Molecular design, synthesis and biological evaluation of BP-O-DAPY and O-DAPY derivatives as non-nucleoside HIV-1 reverse transcriptase inhibitors

• Hybrid the special structural features of diarylpyrimidines and benzophenones.
• Synthesize a series of BP-O-DAPY hybrids and O-DAPY derivatives as NNRTIs.
• Evaluate of the synthesized compounds against HIV-1 and HIV-2.
• Study the potential binding mode by molecular docking.

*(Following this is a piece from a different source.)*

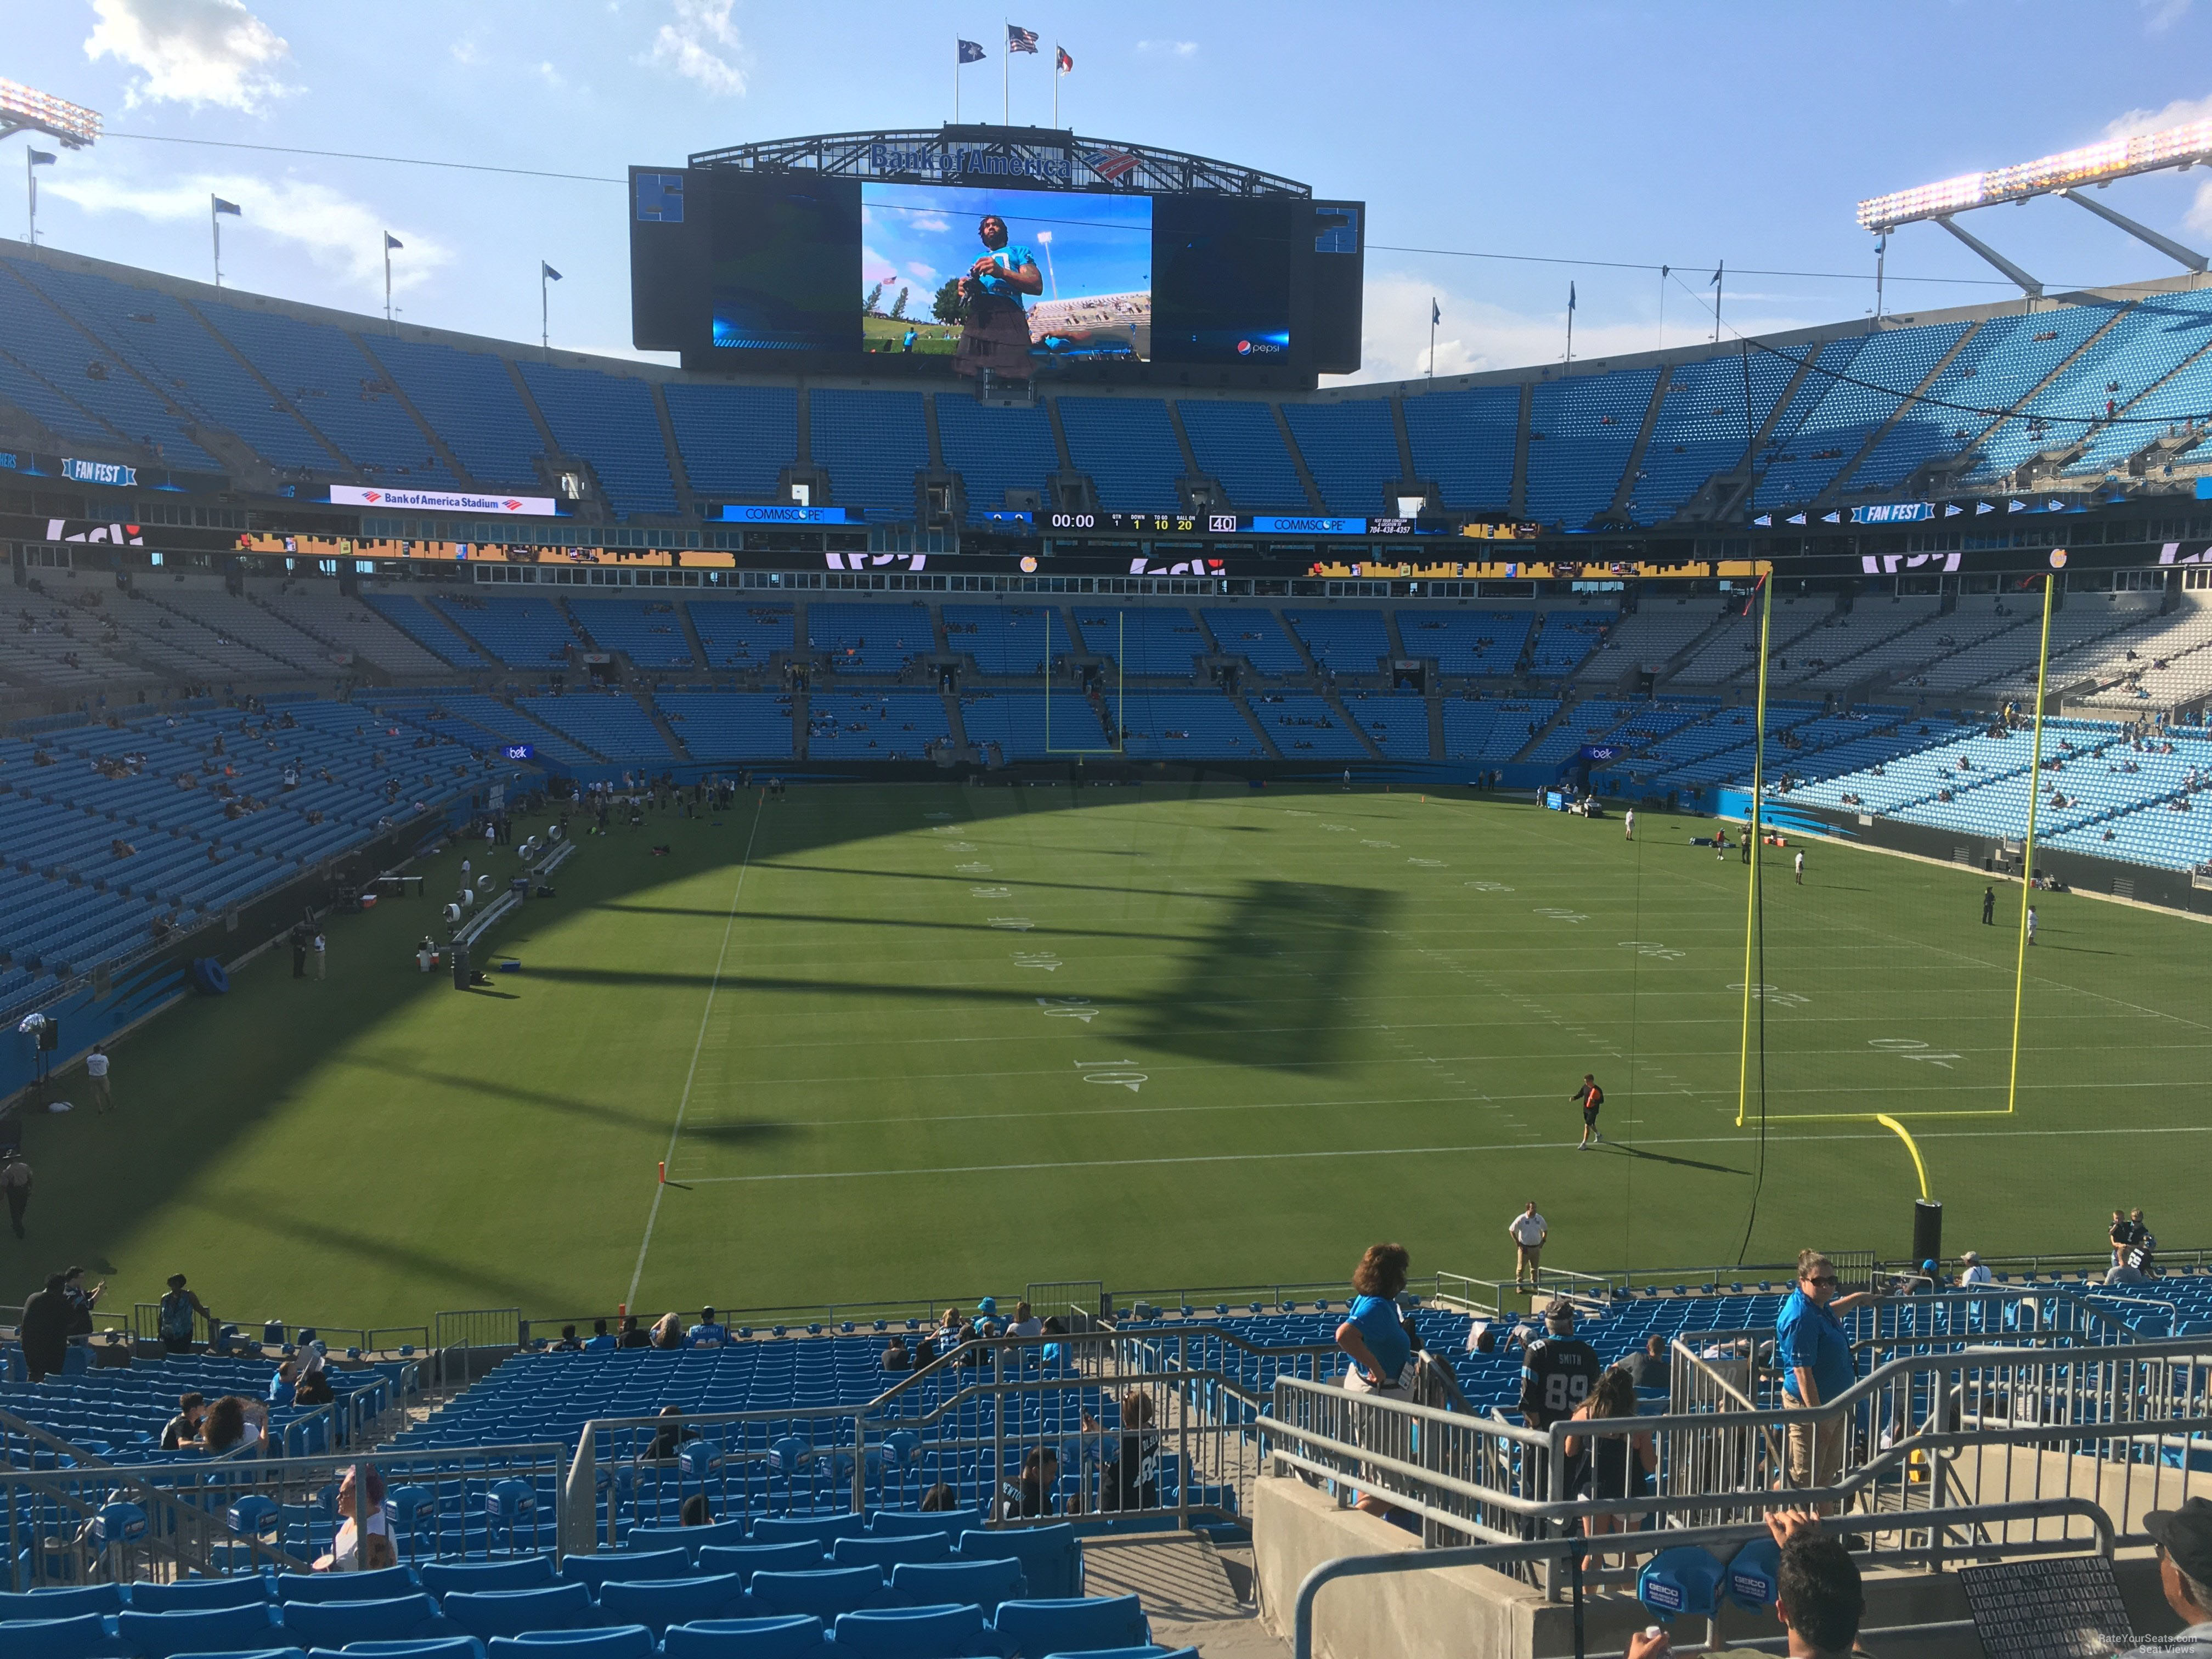 section 231, row 10 seat view  for football - bank of america stadium

This paper reports the synthesis and antiviral evaluation of a series of non-nucleoside reverse transcriptase inhibitors (NNRTIs) that combine the peculiar structural features of diarylpyrimidine derivatives (DAPYs) and benzophenone derivatives (BPs). The DAPY derivatives bearing benzoyl or alkoxyl substitutes on the A-ring showed the inhibitory activity against wild-type HIV-1 at the cellular level within the range of EC50 values from micromolar to nanomolar. Among these compounds, 1u exhibited the most potent anti-HIV-1 activity (EC50 = 0.06 ± 0.01 μM, SI > 6260), which were about 1.8-fold more active than nevirapine (NVP) and delavirdine (DLV). In addition, the binding modes with HIV-1 RT and the preliminary SAR studies of these derivatives were also considered for further investigation.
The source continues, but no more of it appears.